» DATA:
:::::
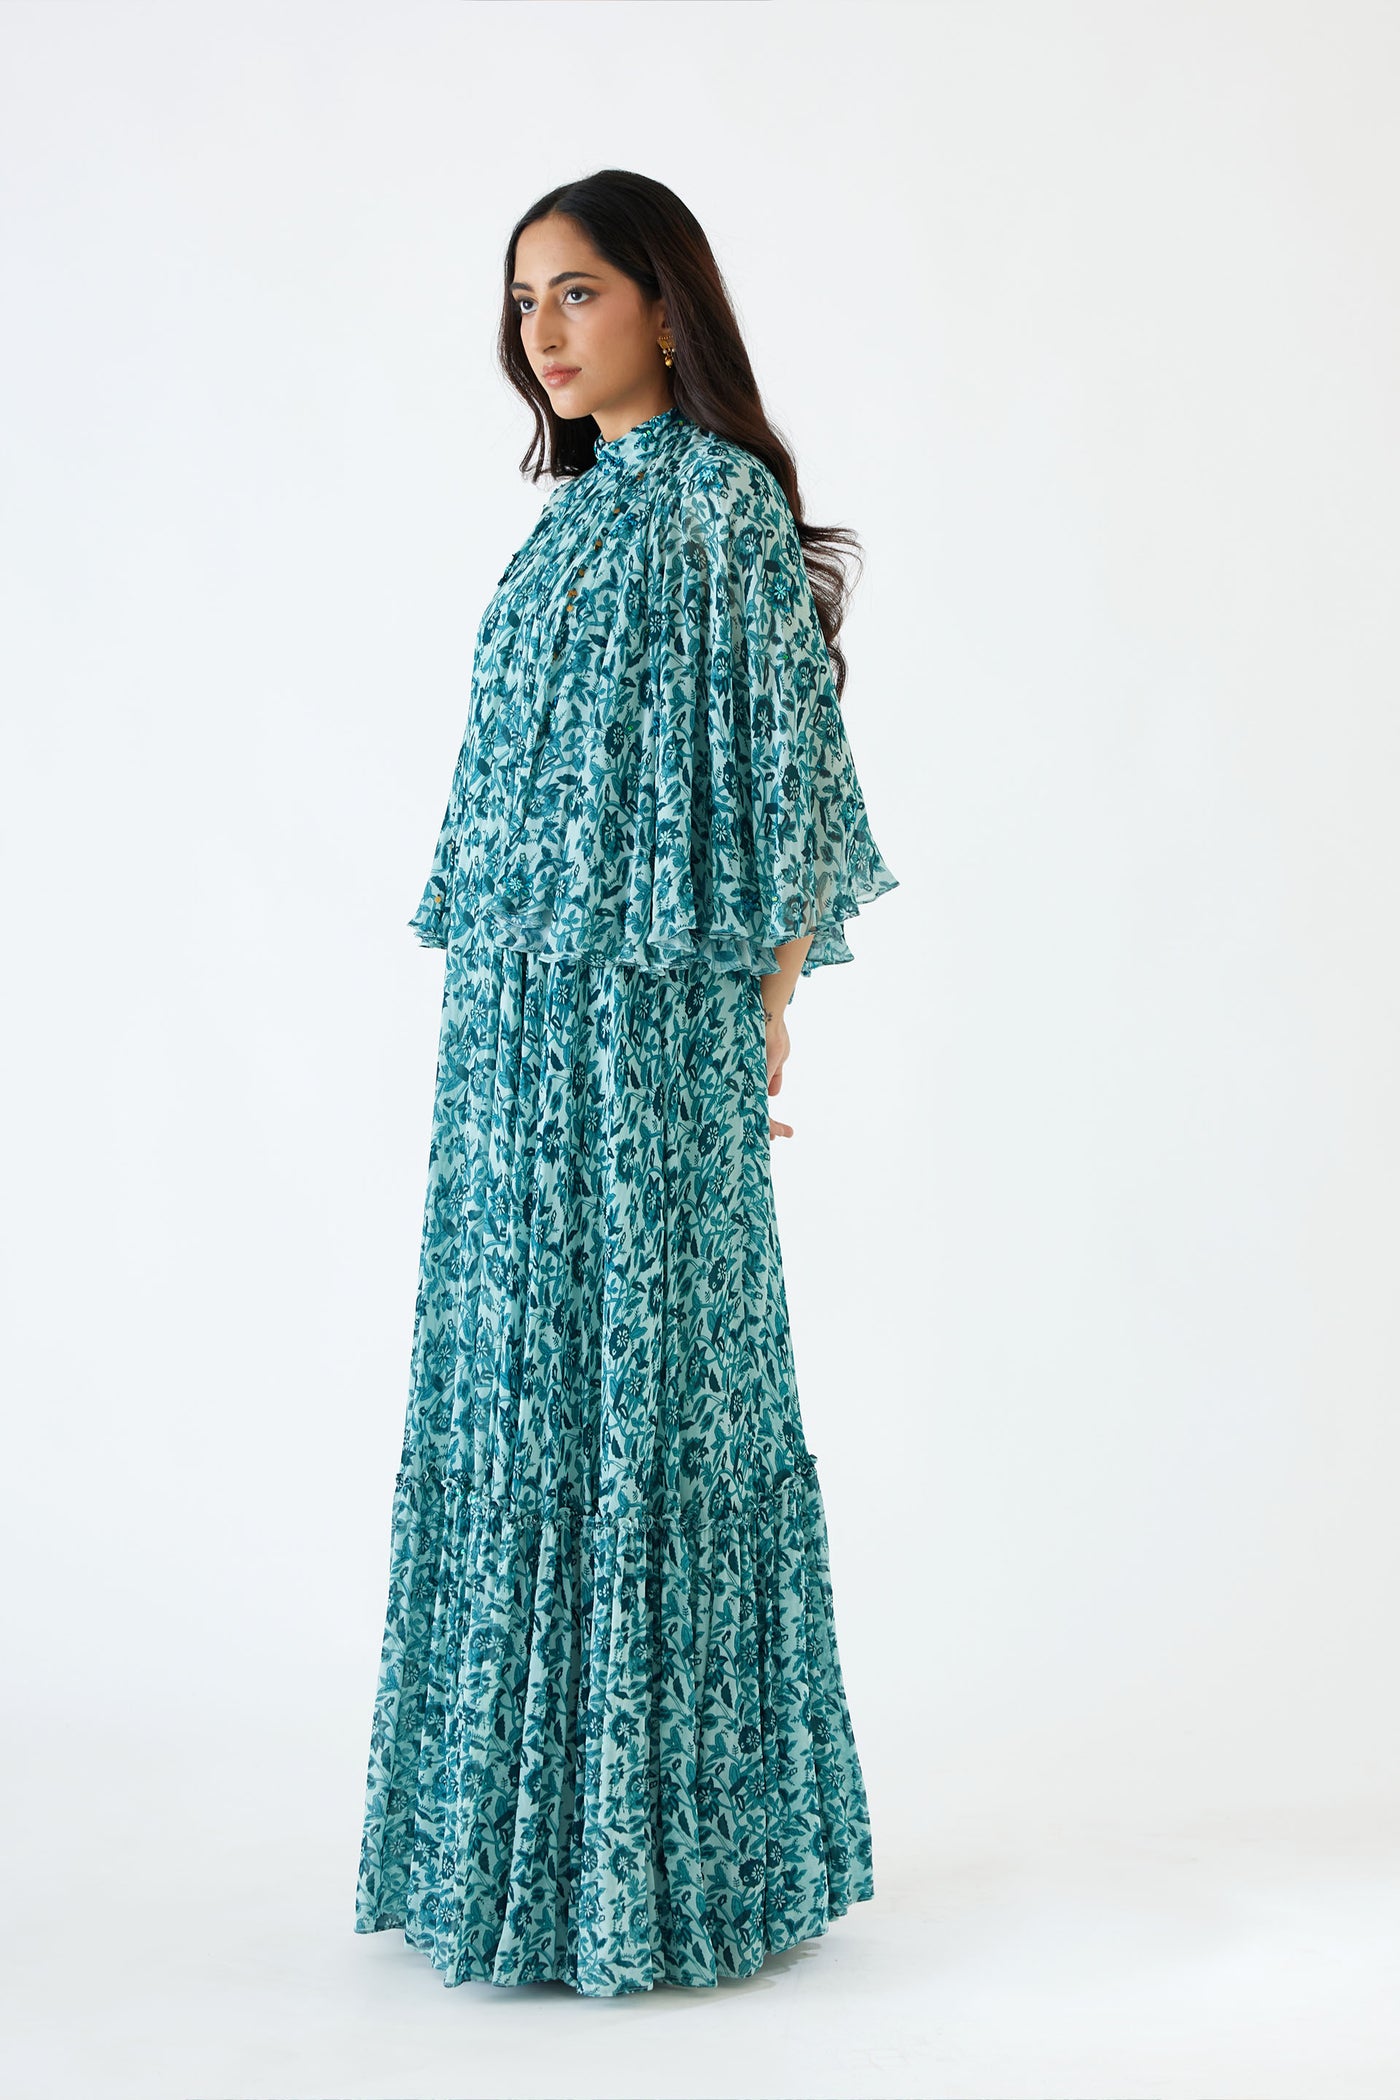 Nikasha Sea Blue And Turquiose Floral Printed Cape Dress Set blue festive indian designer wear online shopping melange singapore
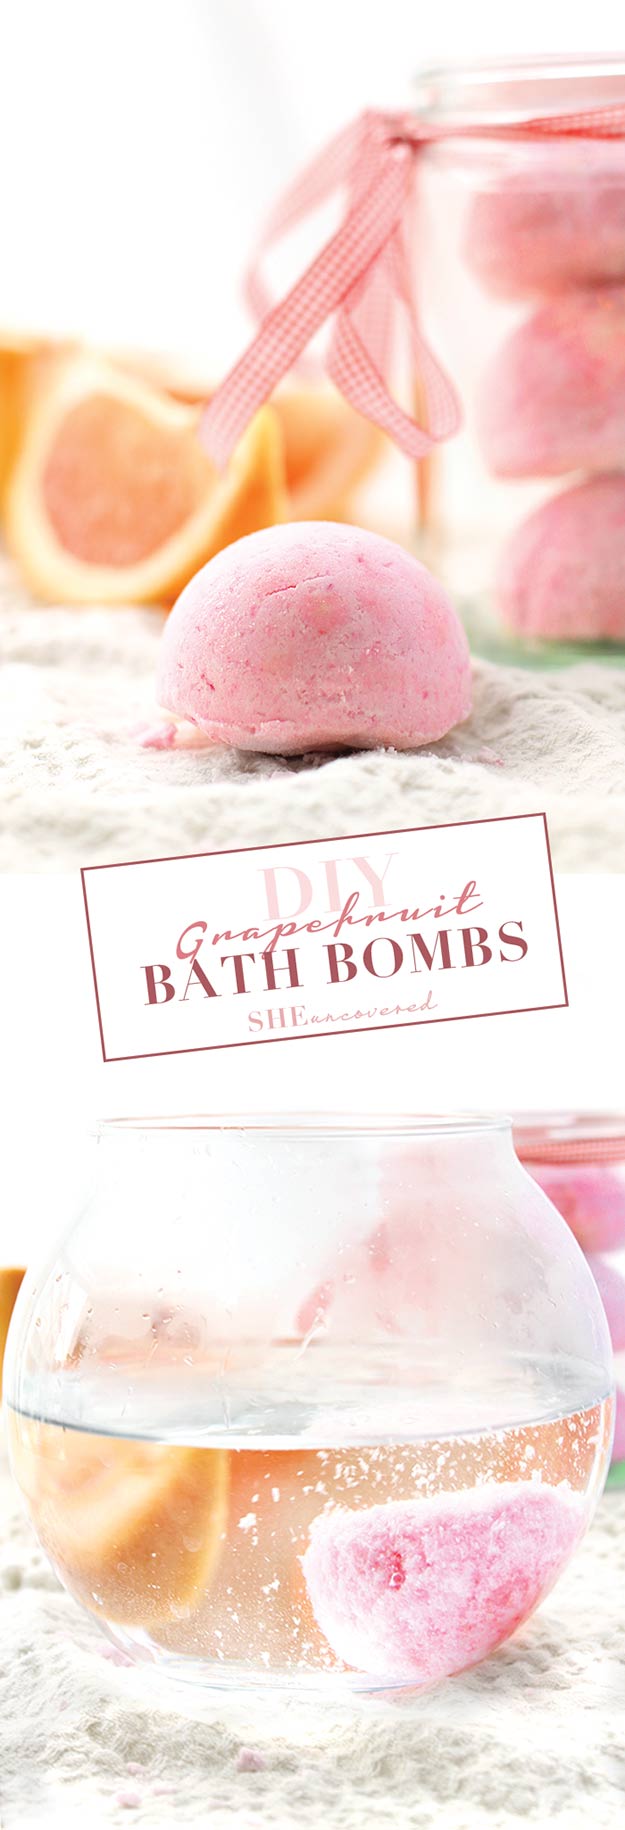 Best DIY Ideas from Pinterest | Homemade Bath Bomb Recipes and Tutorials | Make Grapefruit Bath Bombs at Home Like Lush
:::::
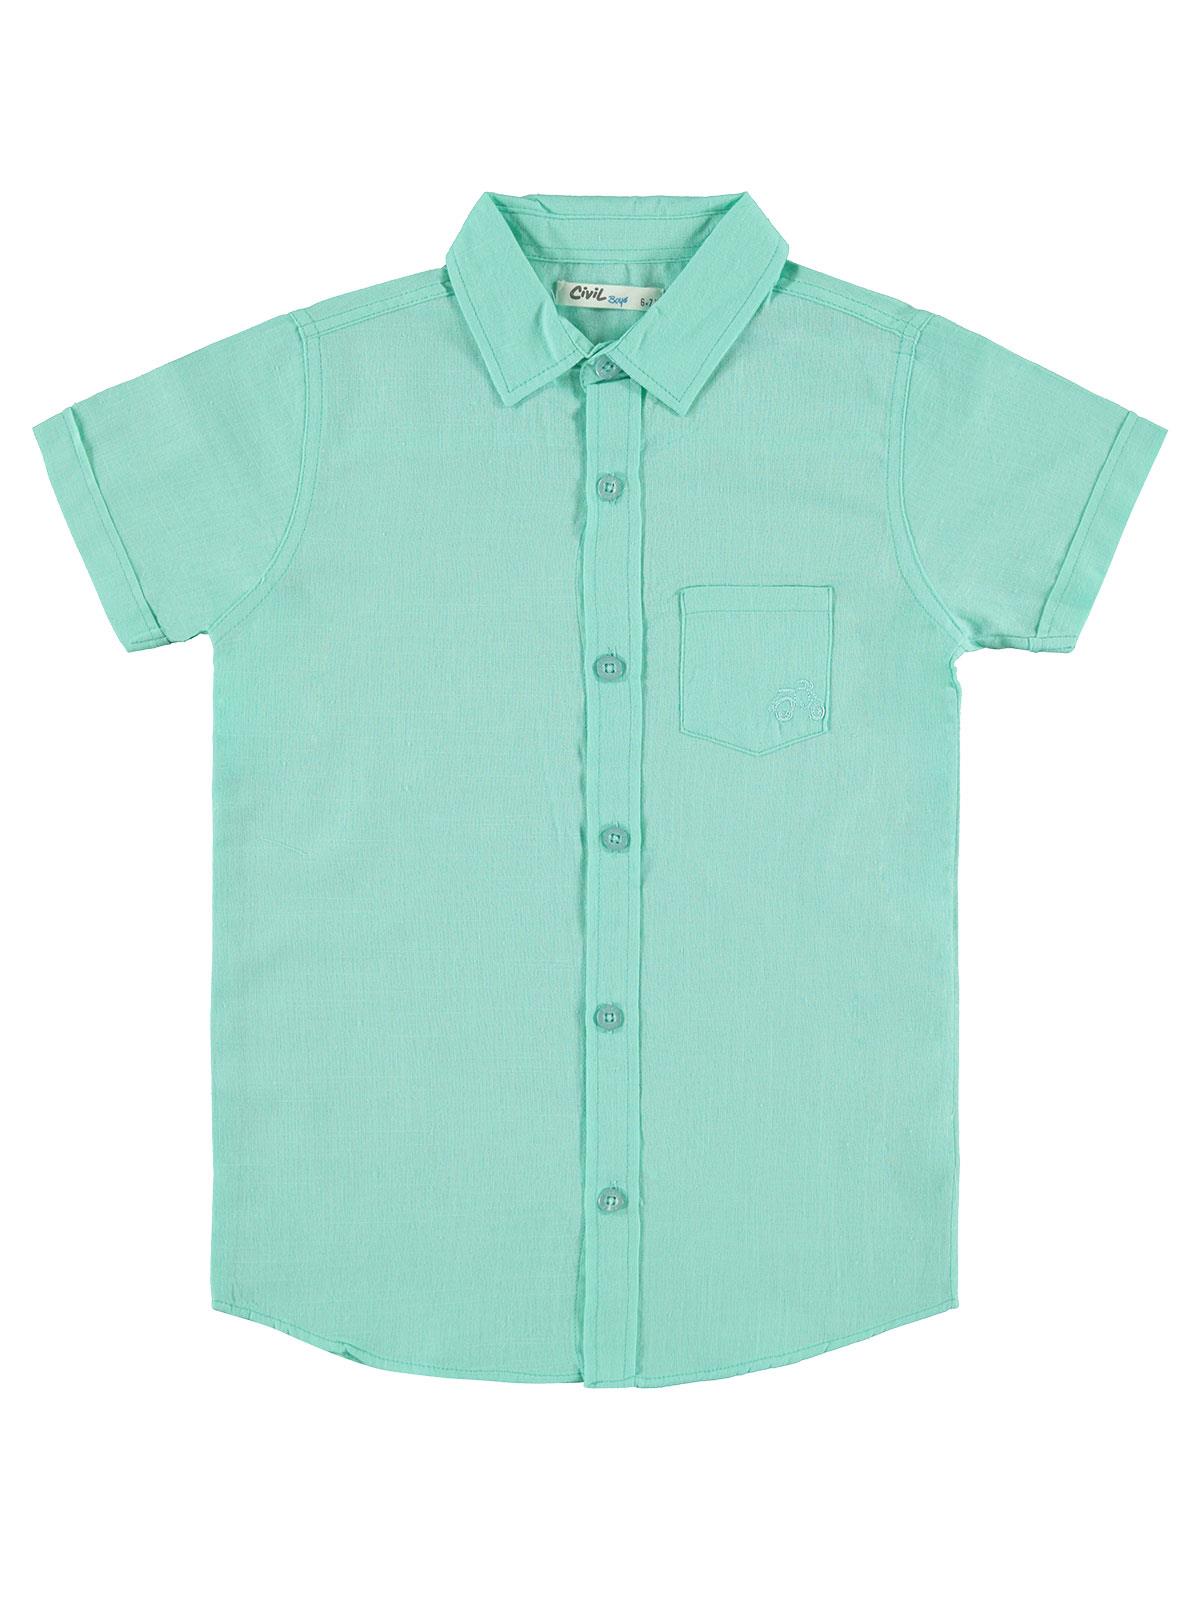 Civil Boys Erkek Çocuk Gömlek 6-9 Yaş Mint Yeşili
:::::
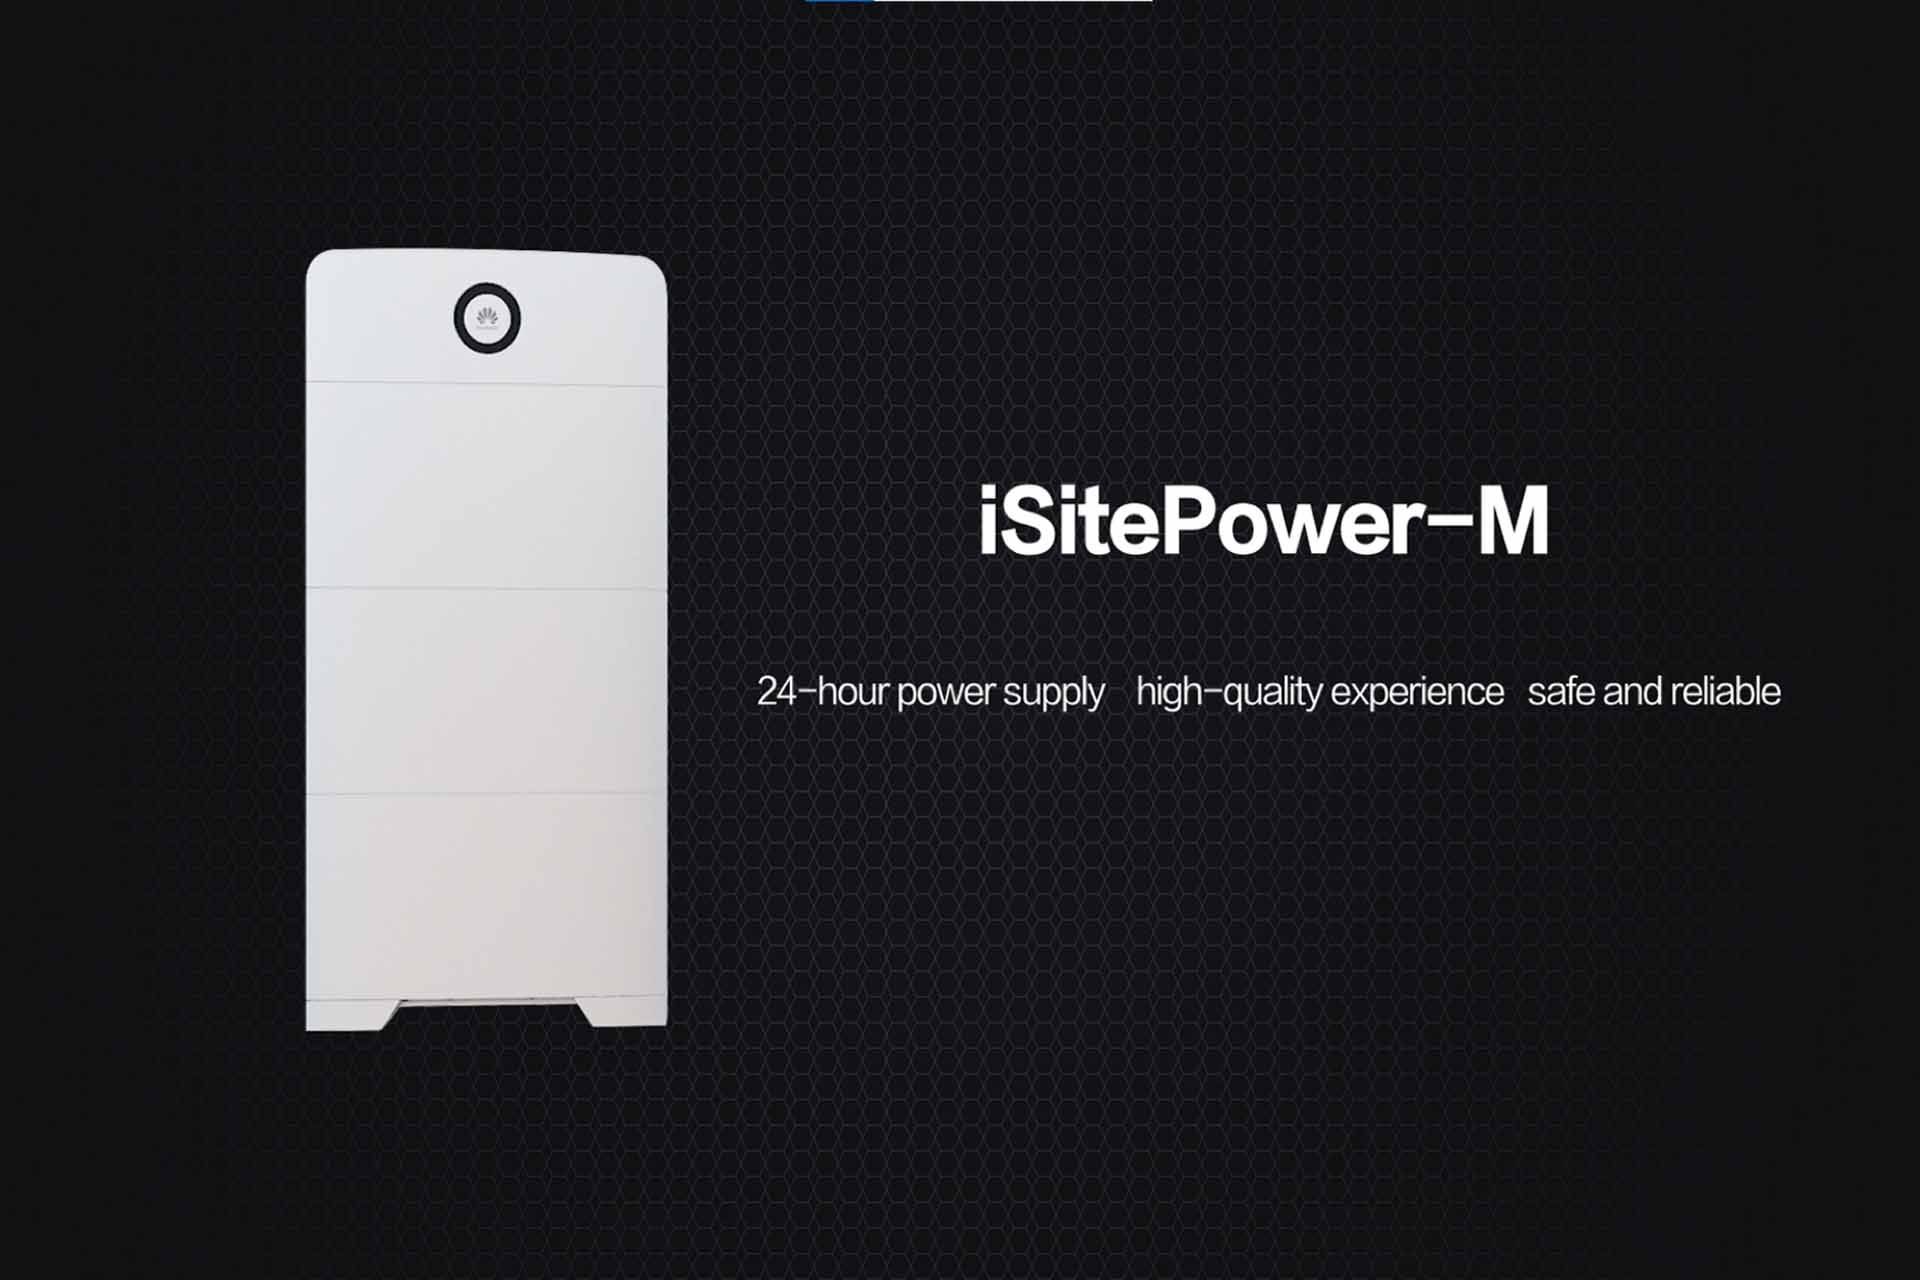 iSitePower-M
:::::
» TASK GOAL: What to print is the stretch of entries from the line with "Nikasha Sea Blue" up to and including the line with "Best DIY Ideas". Please print it exactly and leave out the pictures.

» ANSWER BELOW:
 Nikasha Sea Blue And Turquiose Floral Printed Cape Dress Set blue festive indian designer wear online shopping melange singapore
 Best DIY Ideas from Pinterest | Homemade Bath Bomb Recipes and Tutorials | Make Grapefruit Bath Bombs at Home Like Lush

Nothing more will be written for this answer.